Our results showed that PD-L1 overexpression was significantly associated with shorter OS. These results indicated that PD-L1 can serve as a novel parameter for prognostication and a promising target for anticancer therapy in digestive system cancers. When extended to subgroup analysis, no clear correlation between PD-L1 expression and OS was found in non-Asian, CRC, EC, and hepatocellular carcinoma (HC) patients, possibly owing to the insufficiently large sample size. Therefore, it is necessary for better designed studies with more patients to prove or to retort our results in the future.

There was a significant heterogeneity across the included studies. However, subgroup analyses of ethnicity, tumor types, and the methods used to estimate the HR failed to identify its source. The sensitivity analyses showed that the stable pooled HR was not significantly affected by each individual study. The meta-regression confirmed that the number of patients might be a major source of heterogeneity. However, the meta-regression adjusted R2 value of the number of patients is just 15.78% (data not shown), which could only explain a small part of heterogeneity source. Therefore, it is likely that the heterogeneity is due to the differences in the baseline characteristics of patients, the immunohistochemical methods, and the baseline referring to positive/high PD-L1 expression. However, because of lacking clinical data in these aspects, we cannot determine their contribution to the heterogeneity among studies.

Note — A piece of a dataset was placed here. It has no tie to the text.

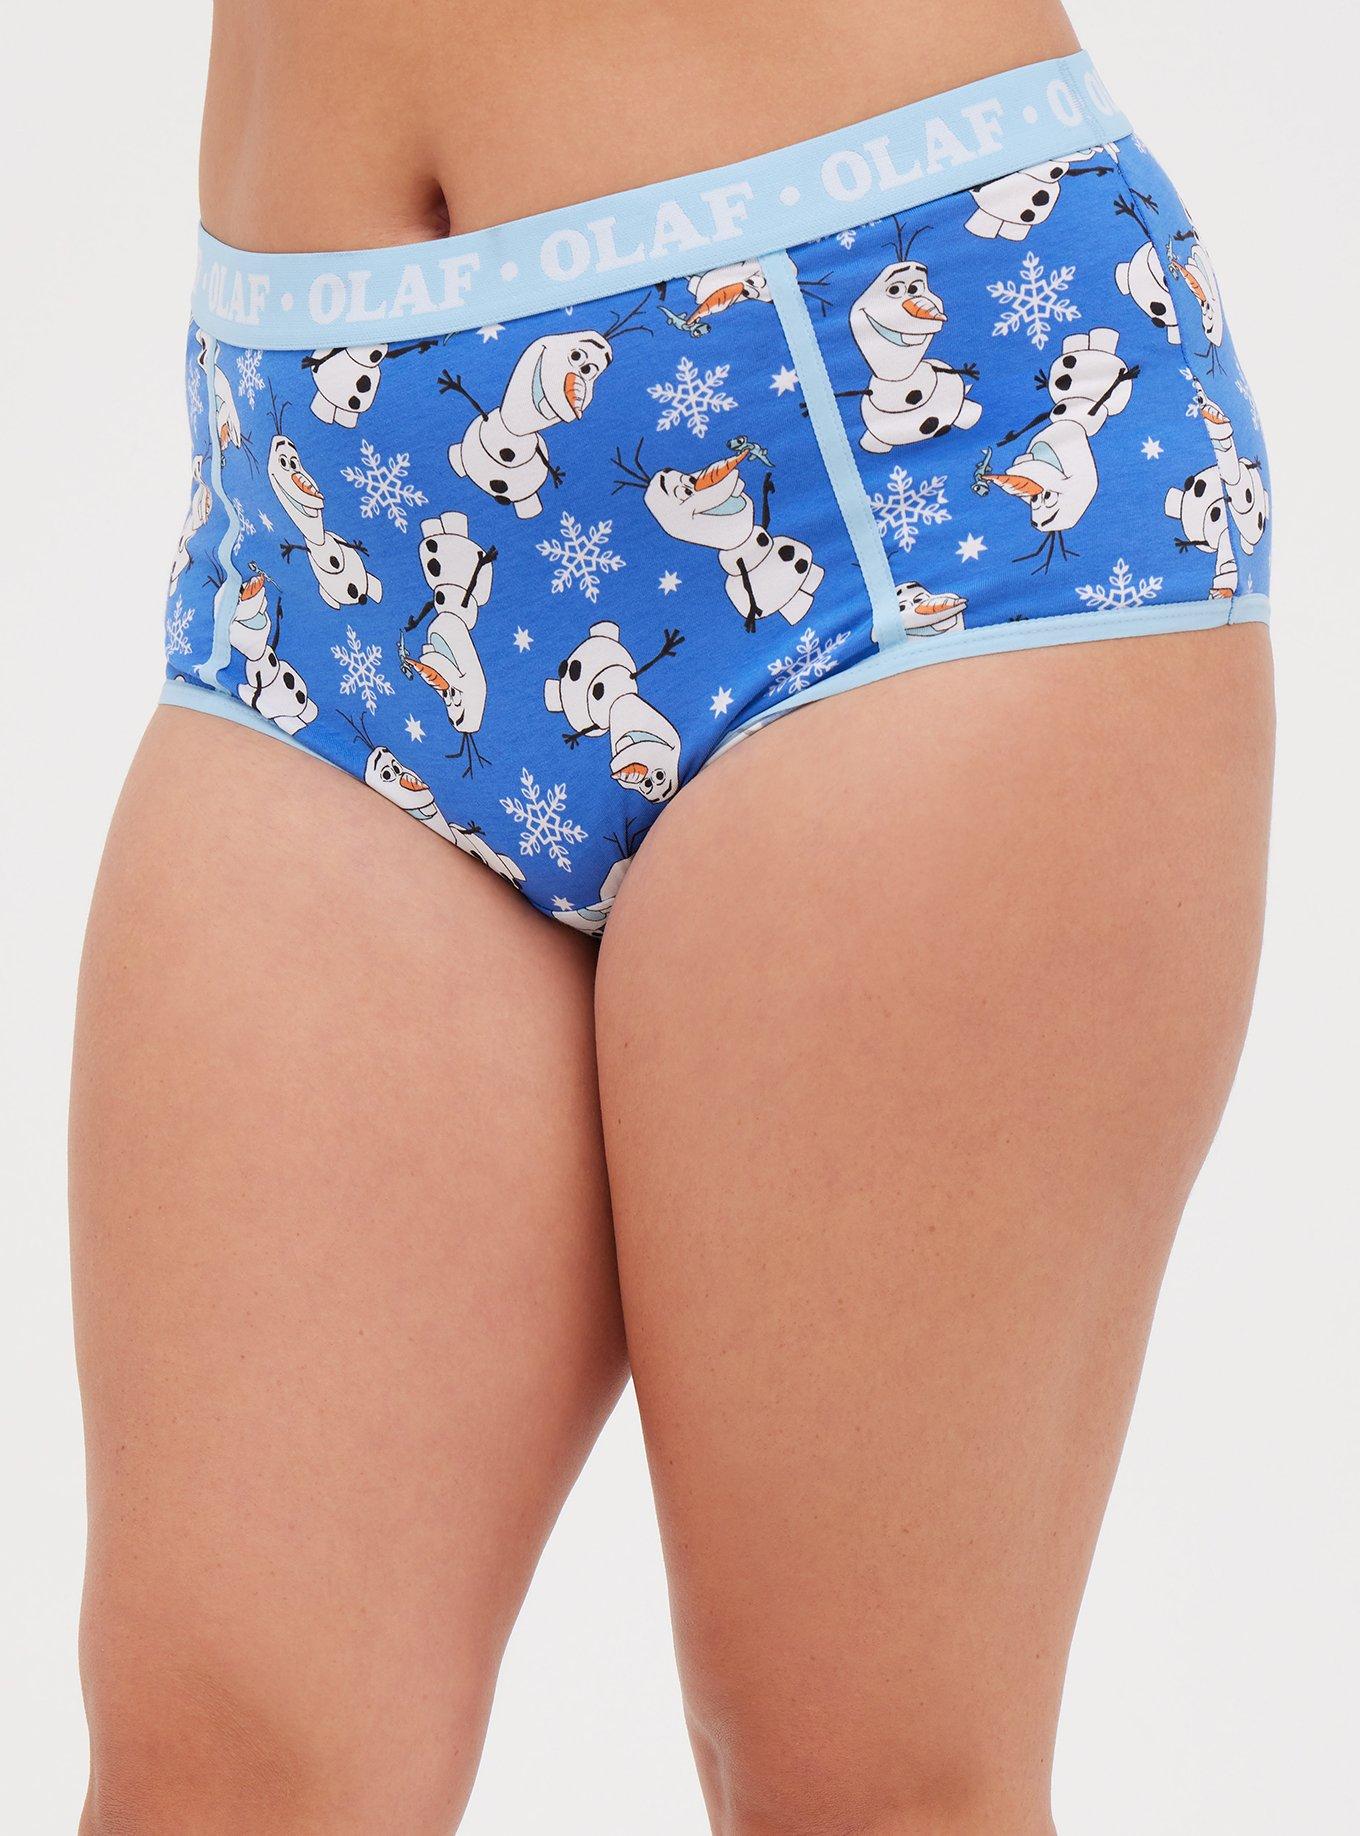 Buy Disney Girls Knickers, Frozen Girls' Underwear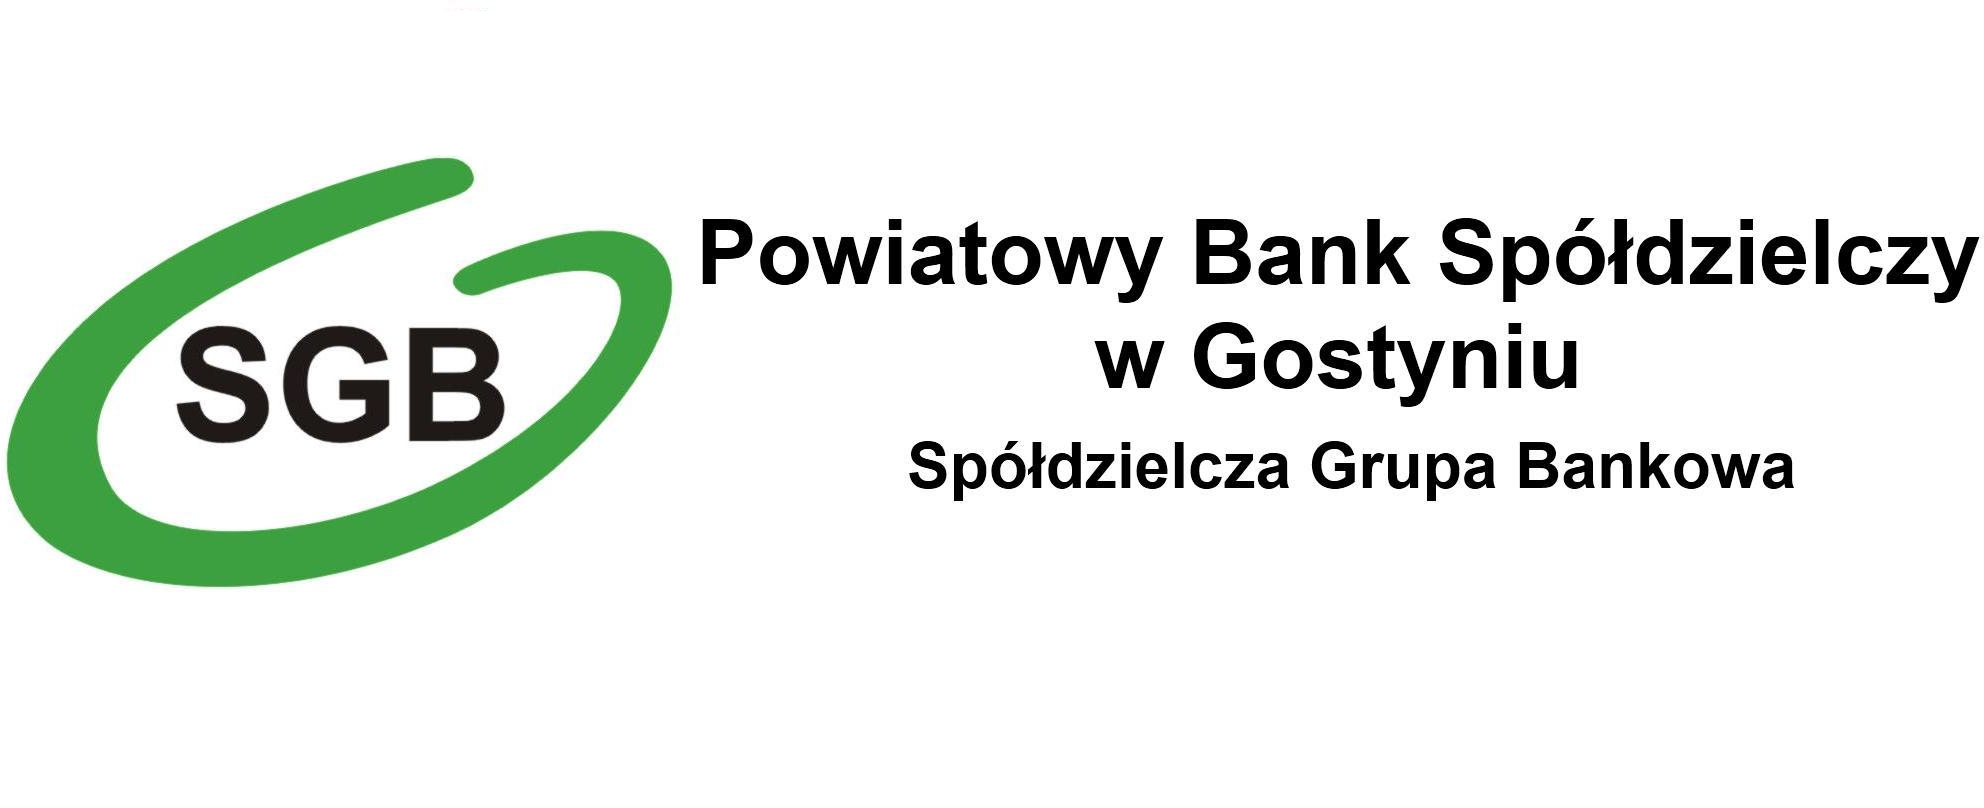 Noworoczne marzenia - Powiatowy Bank Spółdzielczy w Gostyniu

Previously, some meta-analyses have been conducted to study the association between PD-L1 and some cancers in the digestive system. Huang et al52 identified nine studies that involved 2,500 gastrointestinal tract cancer patients, and reported that PD-L1 is a prognostic risk factor for gastrointestinal tract cancer. The study by Wu et al,53 which included seven studies with 687 patients, showed that positive PD-L1 expression status in tumor cells was associated with worse 5-year OS of EC, gastric cancer, and CRC. Compared with these studies, our meta-analysis has some differences and advantages. First of all, our study is the first meta-analysis to estimate the role of PD-L1 in the prognosis of digestive system cancers. Second, we not only analyzed OS but also evaluated DFS and RFS, which contributed to a comprehensive understanding of the issue. Third, our conclusion is more reliable because several new studies fulfilling the inclusion criteria have been included.

We attempted to conduct a comprehensive analysis of PD-L1 and prognosis of digestive system cancers, but it should be recognized that there are still some limitations in our study. First, some survival data were not reported directly; therefore, an indirect method was used to extract data from the Kaplan–Meier survival curves, which may affect the accuracy of the original data. Second, publication bias was observed among studies reporting OS. The reason may be that studies with positive results were published more easily. Third, we cannot recognize the association between subgroups of RFS and PD-L1 expression due to lack of data. More importantly, the PD-L1 expression level measured using immunohistochemistry might show high variability between studies. Hence, a baseline for positive/high PD-L1 expression should be established.

Conclusion

We found that PD-L1 expression indicated poor OS outcomes. We indicated that PD-L1 may serve as a prognostic indicator and a potential novel target for treatment in digestive system cancers.